Dia mengatakan pasukan koalisi yang mencari di gua-gua tersebut telah menemukan alat pembuat bom, gudang senjata yang luas, panduan tentang cara menyerang individu di dalam mobil dan meledakkan jembatan.
Dia juga mengatakan pencarian di gua menemukan sejumlah besar senjata, beberapa di antaranya akan diserahkan kepada tentara Afghanistan.
Hagenbeck juga mengakui bahwa beberapa warga sipil tewas dalam pertempuran tersebut, meski dia tidak menyebutkan berapa jumlahnya. Dia menyalahkan kematian tersebut pada para pejuang al-Qaeda, yang telah memasang posisi mortir di antara rumah-rumah di dusun-dusun di lembah Shah-e-Kot.
“Selalu tragis ketika orang-orang non-kombatan terbunuh dalam kejadian seperti ini,” kata Hagenbeck.
Masih belum dapat dipastikan berapa banyak pejuang musuh yang tewas dalam operasi tersebut. Beberapa pejabat AS memperkirakan sebanyak 500 pejuang Al Qaeda tewas, namun pejuang Afghanistan mengatakan hanya 25 mayat yang ditemukan selama penyisiran awal di wilayah tersebut. Yang lainnya mungkin terkubur di gua-gua yang runtuh selama pemboman.
Para pejabat AS dan Afghanistan juga tidak yakin berapa banyak pejuang yang melarikan diri dan mencoba melarikan diri ke Pakistan. Helikopter serang AS berpatroli di wilayah tersebut pada hari Kamis, mencoba menemukan kantong-kantong korban selamat Al Qaeda.
Juru bicara Pentagon Victoria Clarke mengatakan pada hari Rabu bahwa pertempuran di wilayah Shah-e-Kot “sebagian besar telah berakhir” dan pasukan berada dalam “fase eksploitasi”, pergi dari gua ke gua untuk mencari mayat, senjata dan informasi intelijen.
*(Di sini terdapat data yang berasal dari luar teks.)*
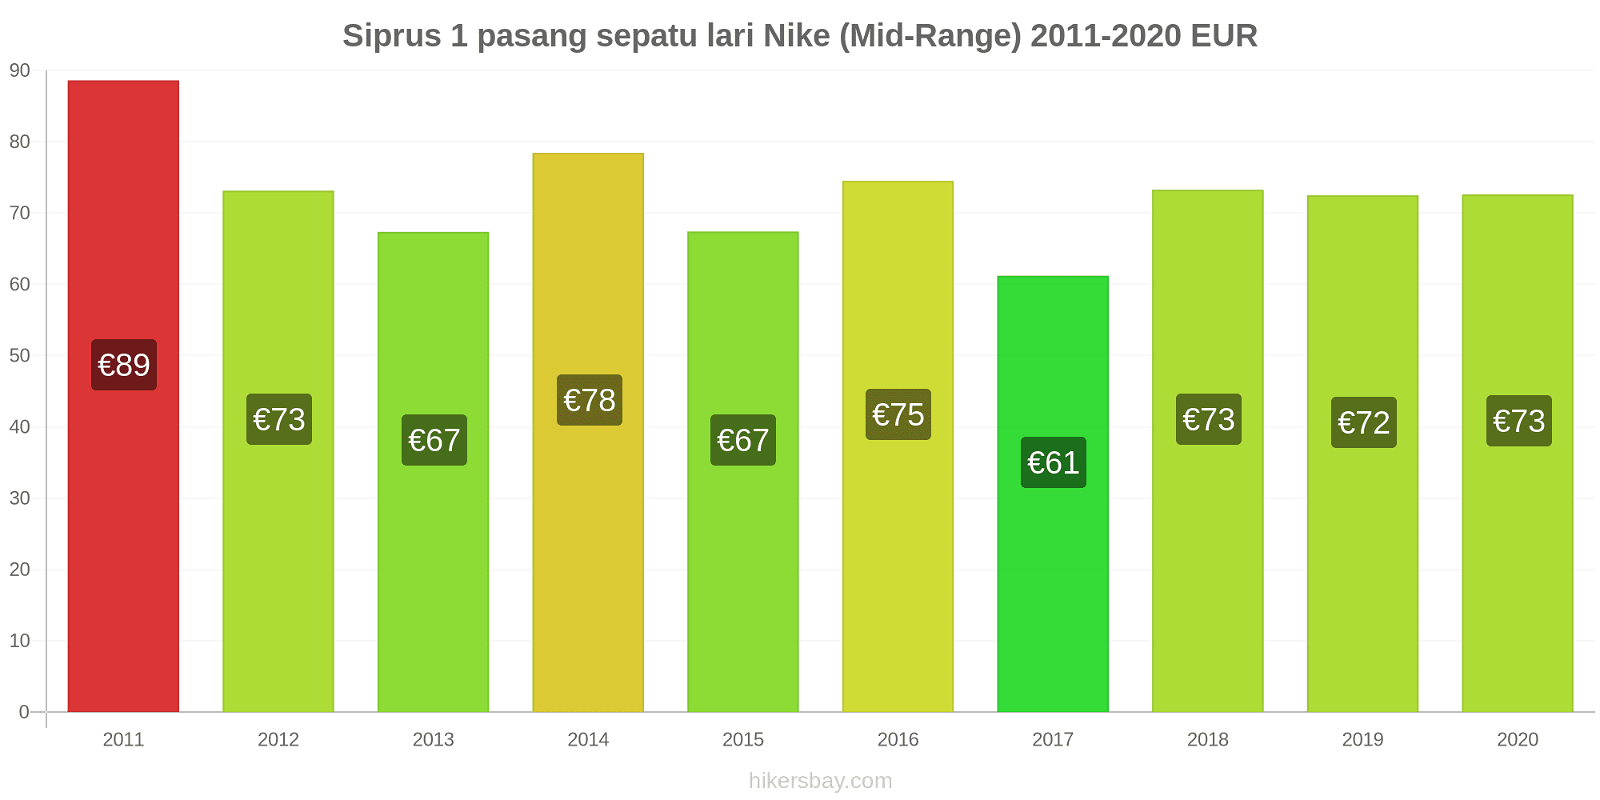 Siprus perubahan harga 1 pasang sepatu lari Nike (Mid-Range) hikersbay.com

“Perjalanan kita masih panjang di Afghanistan,” dia memperingatkan. Para pejabat Amerika dan Afghanistan yakin masih ada kantong pengungsi al-Qaeda dan Taliban di beberapa provinsi selatan dan tengah, serta di Pakistan.
Di Berlin, pemimpin pemerintahan sementara Afghanistan, Hamid Karzai, mengatakan pada hari Kamis bahwa ia yakin pejuang Taliban dan al-Qaeda masih menjadi ancaman bagi stabilitas negaranya.
“Tidak ada keraguan bahwa akan ada kantong-kantong terorisme di tempat lain di negara ini,” kata Karzai.
Para pejabat AS berharap untuk mencegah terulangnya penerbangan dari Tora Bora, kompleks gua yang dirusak oleh pasukan AS selama berminggu-minggu pada bulan Desember karena dicurigai ada bin Laden di dalamnya.
Milisi Afghanistan dari wilayah tersebut melakukan sebagian besar pertempuran darat di Tora Bora, dan pihak berwenang AS mengatakan mereka yakin telah membiarkan banyak pejuang Al Qaeda melarikan diri ke Pakistan. Ketika Tora Bora akhirnya dikuasai, tidak ada tanda-tanda keberadaan bin Laden.